Graph4NLP

Graph4NLP is an easy-to-use library for R&D at the intersection of Deep Learning on Graphs and Natural Language Processing (i.e., DLG4NLP). It provides both full implementations of state-of-the-art models for data scientists and also flexible interfaces to build customized models for researchers and developers with whole-pipeline support. Built upon highly-optimized runtime libraries including DGL , Graph4NLP has both high running efficiency and great extensibility. The architecture of Graph4NLP is shown in the following figure, where boxes with dashed lines represents the features under development. Graph4NLP consists of four different layers: 1) Data Layer, 2) Module Layer, 3) Model Layer, and 4) Application Layer.

Figure: Graph4NLP Overall Architecture

Graph4NLP news

01/20/2022: The v0.5.5 release. Try it out!
09/26/2021: The v0.5.1 release. Try it out!
09/01/2021: Welcome to visit our DLG4NLP website (https://dlg4nlp.github.io/index.html) for various learning resources!
06/05/2021: The v0.4.1 release.

Major Releases

Releases	Date	Features
v0.5.5	2022-01-20	- Support model.predict API by introducing wrapper functions. - Introduce Three new inference_wrapper functions: classifier_inference_wrapper, generator_inference_wrapper, generator_inference_wrapper_for_tree. - Add the inference and inference_advance examples in each application. - Separate the graph topology and graph embedding process. - Renew all the graph construction functions. - Module graph_embedding is divided into graph_embedding_initialization and graph_embedding_learning. - Unify the parameters in Dataset. We remove the ambiguous parameter `graph_type` and introduce `graph_name` to indicate the graph construction method and `static_or_dynamic` to indicate the static or dynamic graph construction type. - New: The dataset now can automatically choose the default methods (e.g., `topology_builder`) by only one parameter `graph_name`.
v0.5.1	2021-09-26	- Lint the codes - Support testing with users' own data - Fix the bug: The word embedding size was hard-coded in the 0.4.1 version. Now it is equal to "word_emb_size" parameter. - Fix the bug: The build_vocab() is called twice in the 0.4.1 version. - Fix the bug: The two main files of knowledge graph completion example missed the optional parameter "kg_graph" in ranking_and_hits() when resuming training the model. - Fix the bug: We have fixed the preprocessing path error in KGC readme. - Fix the bug: We have fixed embedding construction bug when setting emb_strategy to 'w2v'.
v0.4.1	2021-06-05	- Support the whole pipeline of Graph4NLP - GraphData and Dataset support

Quick tour

Graph4nlp aims to make it incredibly easy to use GNNs in NLP tasks (check out Graph4NLP Documentation). Here is an example of how to use the Graph2seq model (widely used in machine translation, question answering, semantic parsing, and various other NLP tasks that can be abstracted as graph-to-sequence problem and has shown superior performance).

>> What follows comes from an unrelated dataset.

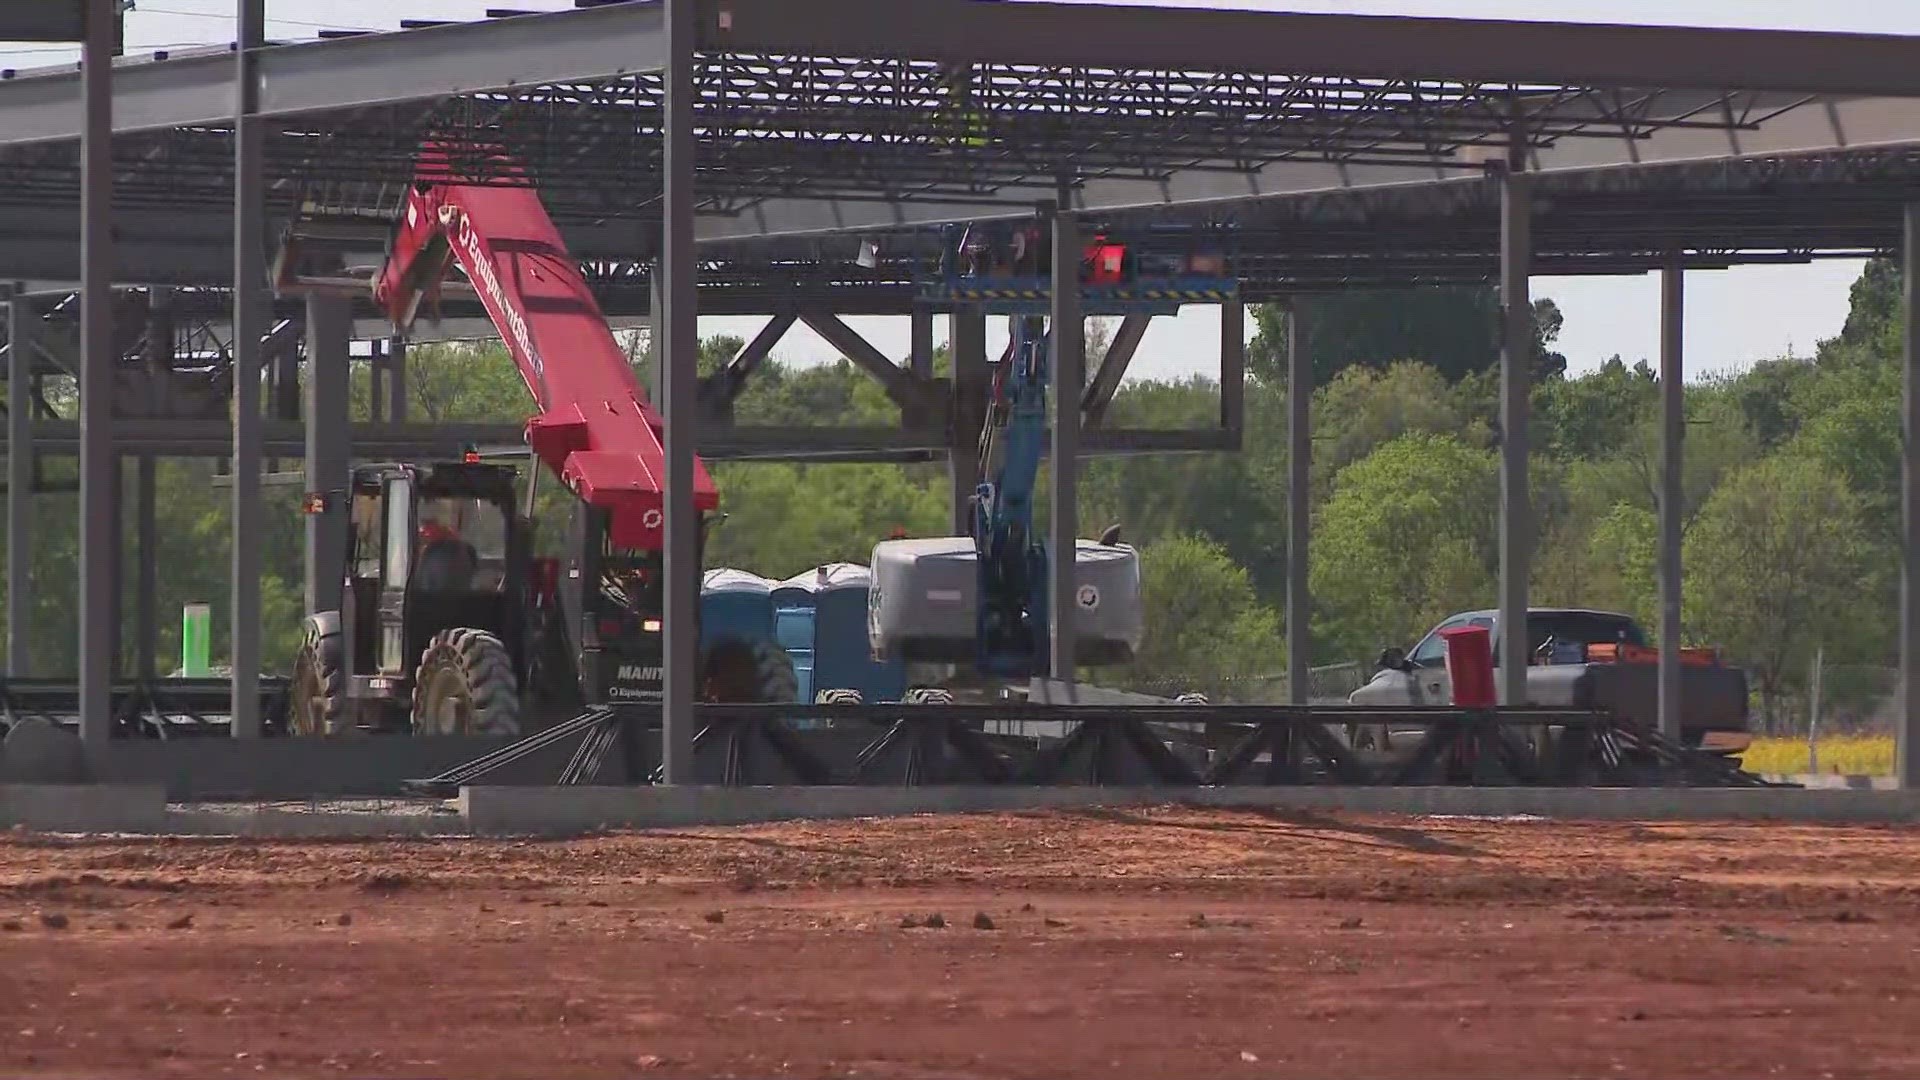 The 42,000-foot facility will train thousands of workers with skills and knowledge to work in Ford's Hardin County electric vehicle battery plant under construction.

We also offer other high-level model APIs such as graph-to-tree models. If you are interested in DLG4NLP related research problems, you are very welcome to use our library and refer to our graph4nlp survey.

from graph4nlp.pytorch.datasets.jobs import JobsDataset
from graph4nlp.pytorch.modules.graph_construction.dependency_graph_construction import DependencyBasedGraphConstruction
from graph4nlp.pytorch.modules.config import get_basic_args
from graph4nlp.pytorch.models.graph2seq import Graph2Seq
from graph4nlp.pytorch.modules.utils.config_utils import update_values, get_yaml_config

# build dataset
jobs_dataset = JobsDataset(root_dir='graph4nlp/pytorch/test/dataset/jobs',
                           topology_builder=DependencyBasedGraphConstruction,
                           topology_subdir='DependencyGraph')  # You should run stanfordcorenlp at background
vocab_model = jobs_dataset.vocab_model

# build model
user_args = get_yaml_config("examples/pytorch/semantic_parsing/graph2seq/config/dependency_gcn_bi_sep_demo.yaml")
args = get_basic_args(graph_construction_name="node_emb", graph_embedding_name="gat", decoder_name="stdrnn")
update_values(to_args=args, from_args_list=[user_args])
graph2seq = Graph2Seq.from_args(args, vocab_model)

# calculation
batch_data = JobsDataset.collate_fn(jobs_dataset.train[0:12])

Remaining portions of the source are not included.